If I use the below line in the XML, the output port "current_iteration" looks empty when I try to access it from the child (SomeActionNode).

<Decorator ID="CustomRangeLoop" current_iteration="" range="0-4" step="1">

Let me know if further detail is needed.

And thanks a lot for the framework!

emrecanbulut avatar Jul 26 '21 10:07 emrecanbulut

Try this as your XML:

<Decorator ID="CustomRangeLoop" current_iteration="{i}" range="0-4" step="1">
  <Action ID="SomeActionNode" array_index="{i}" />
</Decorator>

Your CustomRangeLoop is similar to action 2 in the example in the docs where setting an output port current_iteration writes to an entry in the blackboard called i. Your SomeActionNode is similar to actions 3 and 5 where reading an input port array_index retrieves the value of an entry in the blackboard called i. You can see the code in action in the repo at examples/t02_basic_ports.cpp

You can change i to any identifier you want. If you had multiple, nested decorators, you could have multiple blackboard entries. Here, I've made two range loops, with the outer iteration tracked by the blackboard entry i and the inner tracked by j.

<Decorator ID="CustomRangeLoop" current_iteration="{i}" range="0-4" step="1">
  <Decorator ID="CustomRangeLoop" current_iteration="{j}" range="0-4" step="1">
    <Sequence>
      <Action ID="SomeActionNode" array_index="{i}" />
      <Action ID="SomeActionNode" array_index="{j}" />
    </Sequence>
  </Decorator>
</Decorator>

asasine avatar Jul 26 '21 14:07 asasine

Hi @asasine

Thanks for your comment. And, I understand how it works with the 'reference' syntax as you mentioned above. What confused me was this:

Node1:

<Decorator ID="CustomRangeLoop" current_iteration="{i}" range="0-4" step="1">
  <Action ID="SomeActionNode" array_index="{i}" />
</Decorator>

Node2:

<Decorator ID="CustomRangeLoop" current_iteration="i" range="0-4" step="1">
  <Action ID="SomeActionNode" array_index="{i}" />
</Decorator>

Node1 and Node2 work the same way. In both cases current_iteration will point at a blackboard entry with key i.

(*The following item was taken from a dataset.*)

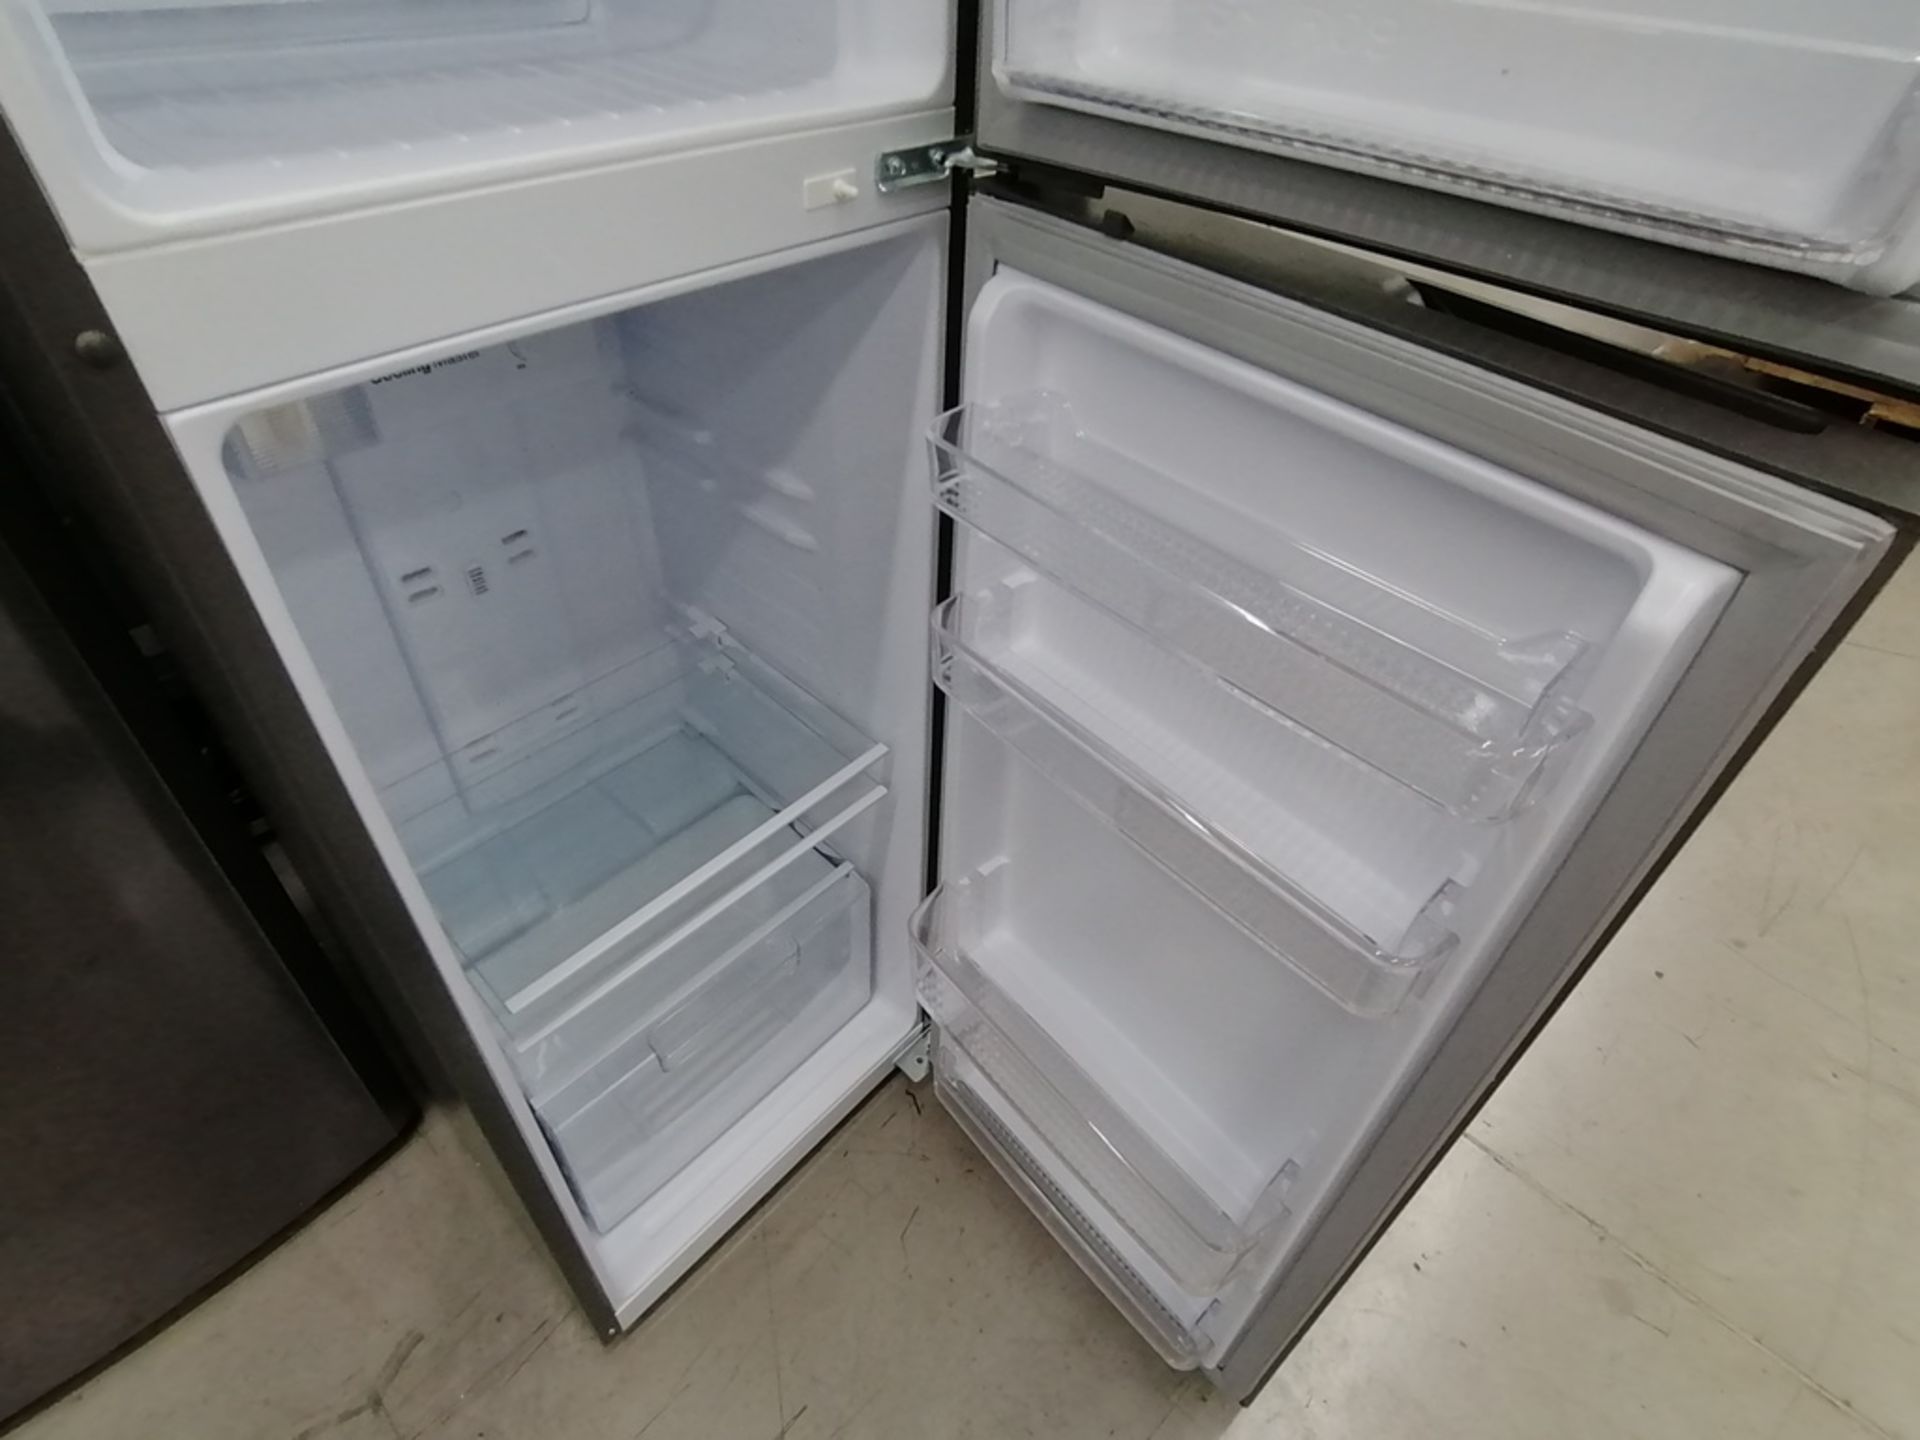 Lote de 2 refrigeradores incluye: 1 Refrigerador, Marca Mabe, Modelo RMA1025VNX, Serie 2110B623189, - Image 16 of 17

The way Node2 currently behaves doesn't seem like the intended behavior to me.

What are your thoughts?

emrecanbulut avatar Jul 26 '21 16:07 emrecanbulut

Agreed, Node2 doesn't look like the intended behavior. I'm surprised the parsing logic did not catch that current_iteration is an output port of CustomRangeLoop but its value is a static value and not a blackboard entry pointer.

asasine avatar Jul 26 '21 16:07 asasine

I will have a look at it. It looks like a bug

facontidavide avatar Jan 12 '22 21:01 facontidavide

I realized that this is not a bug, but an undocumented "feature". A code like this does not make sense:

<ActionWithOut my_output="my_string">

Trying to set its value is an illegal operation that, at best, should throw an exception, because the command:

setOutput("my_output", "hello world");

Would be equivalent to

"my_string" = "hello world"; // illegal!!!

Therefore, in the specific case of an output, falling back to "I guess it is a reference to blackboard" is the less annoying option.